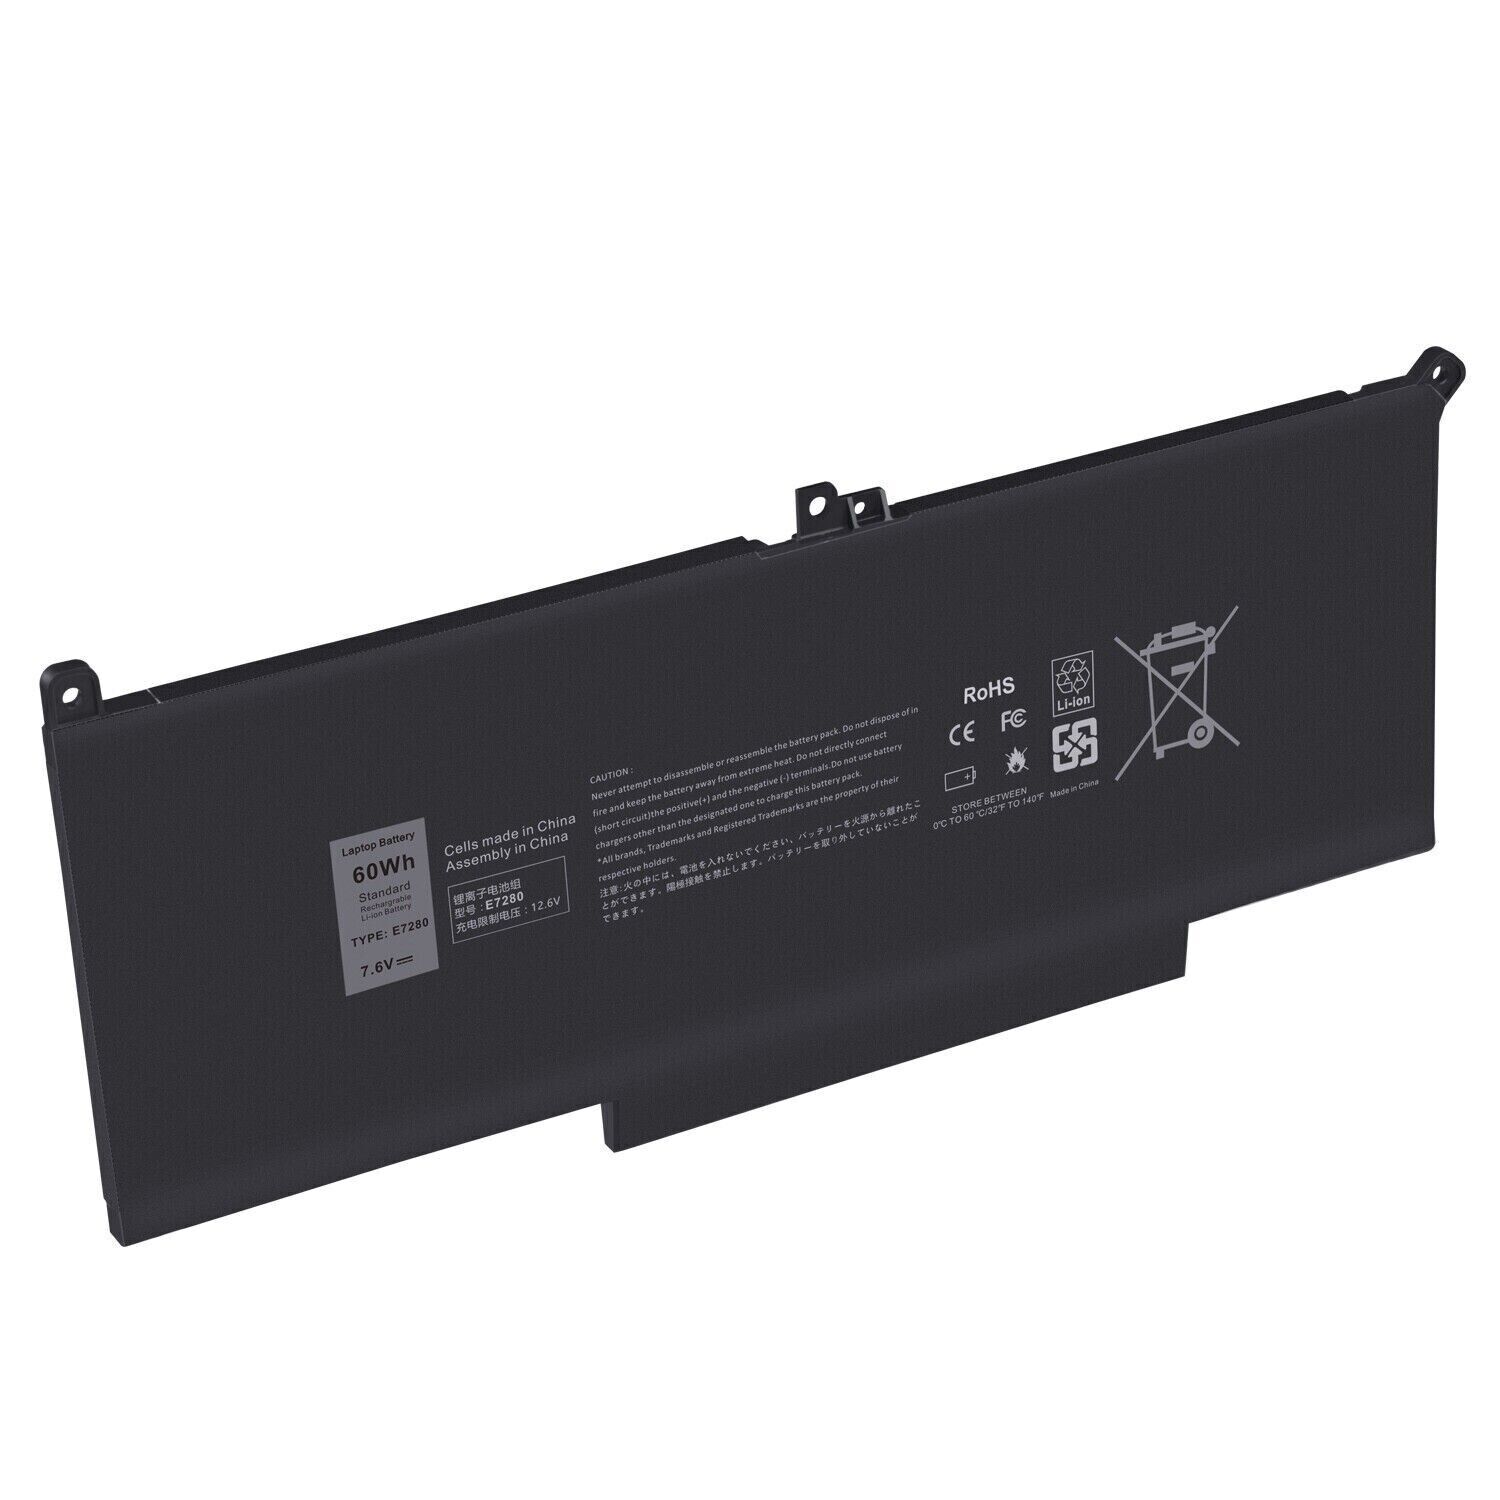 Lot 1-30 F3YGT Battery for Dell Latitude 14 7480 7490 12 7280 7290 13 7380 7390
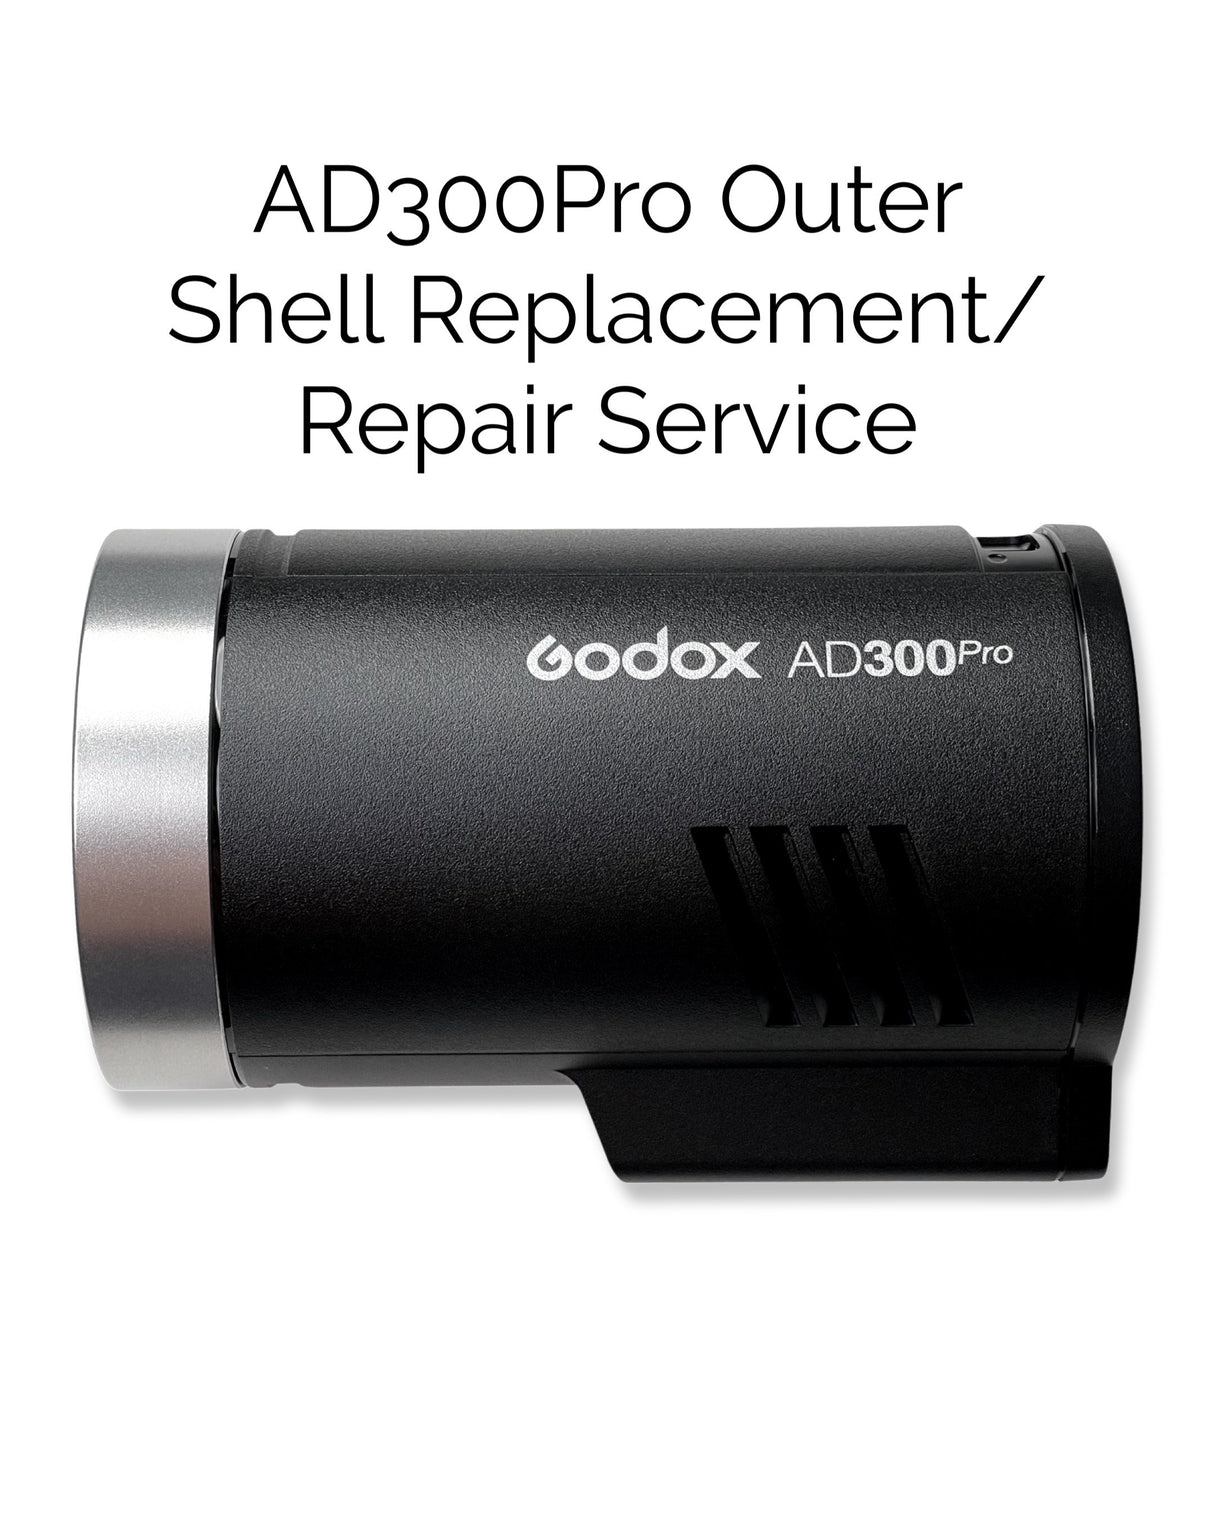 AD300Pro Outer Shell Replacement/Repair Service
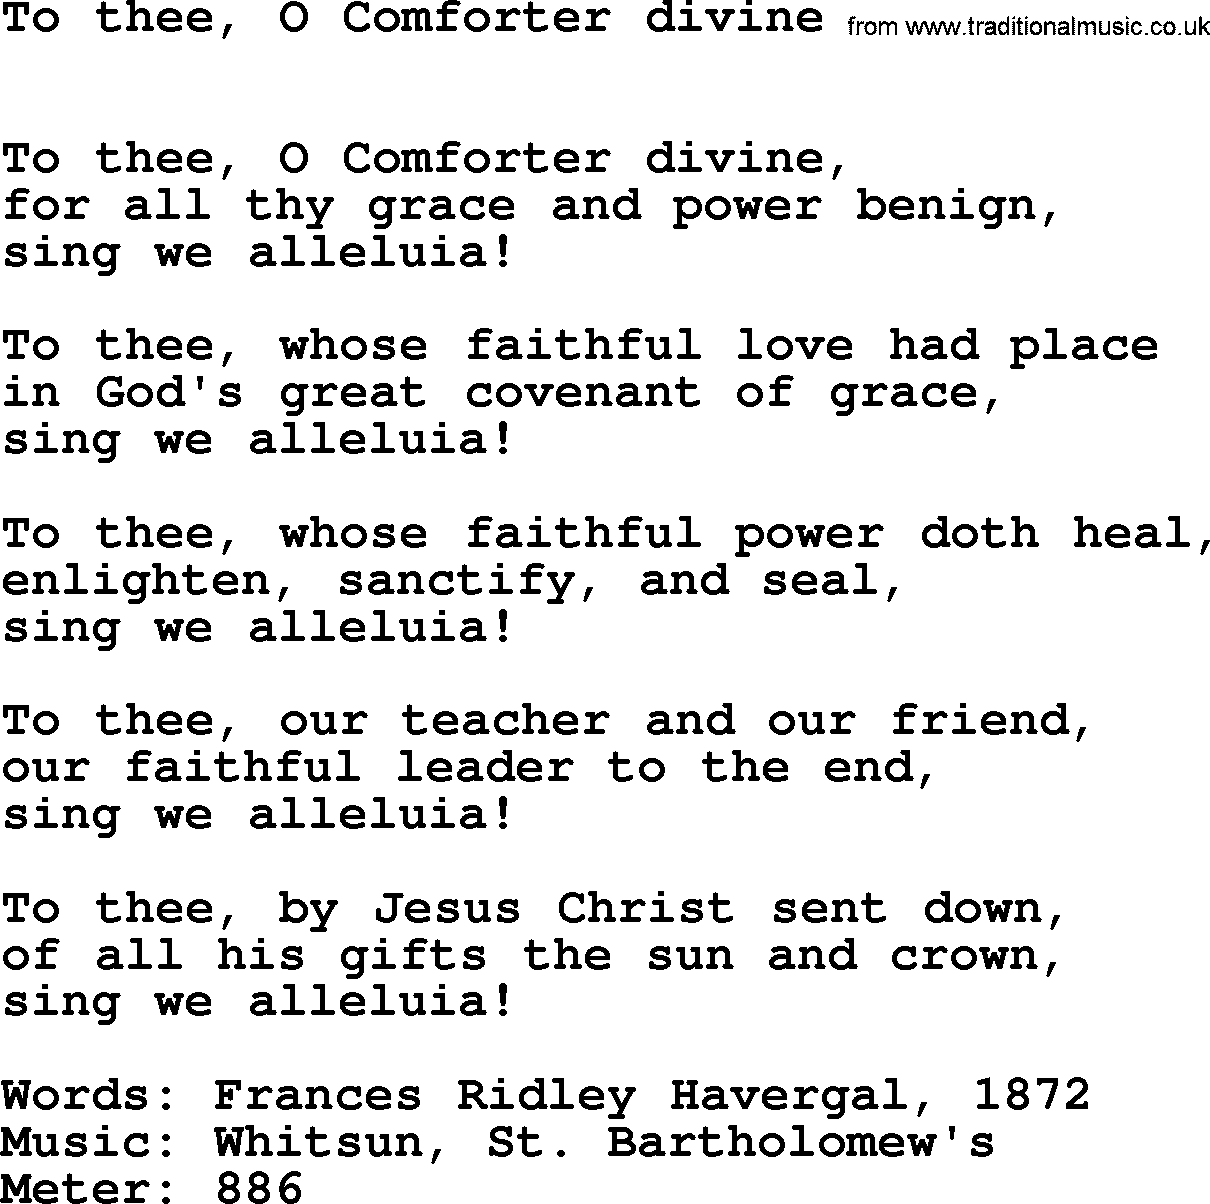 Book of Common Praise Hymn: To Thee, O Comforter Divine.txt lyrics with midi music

# # # #

> [WHAT TO PRODUCE]: The listing above is to be set down word for word, without its images.

> [EXPECTED OUTPUT]:
 Lot 1-30 F3YGT Battery for Dell Latitude 14 7480 7490 12 7280 7290 13 7380 7390
 AD300Pro Outer Shell Replacement/Repair Service
 Book of Common Praise Hymn: To Thee, O Comforter Divine.txt lyrics with midi music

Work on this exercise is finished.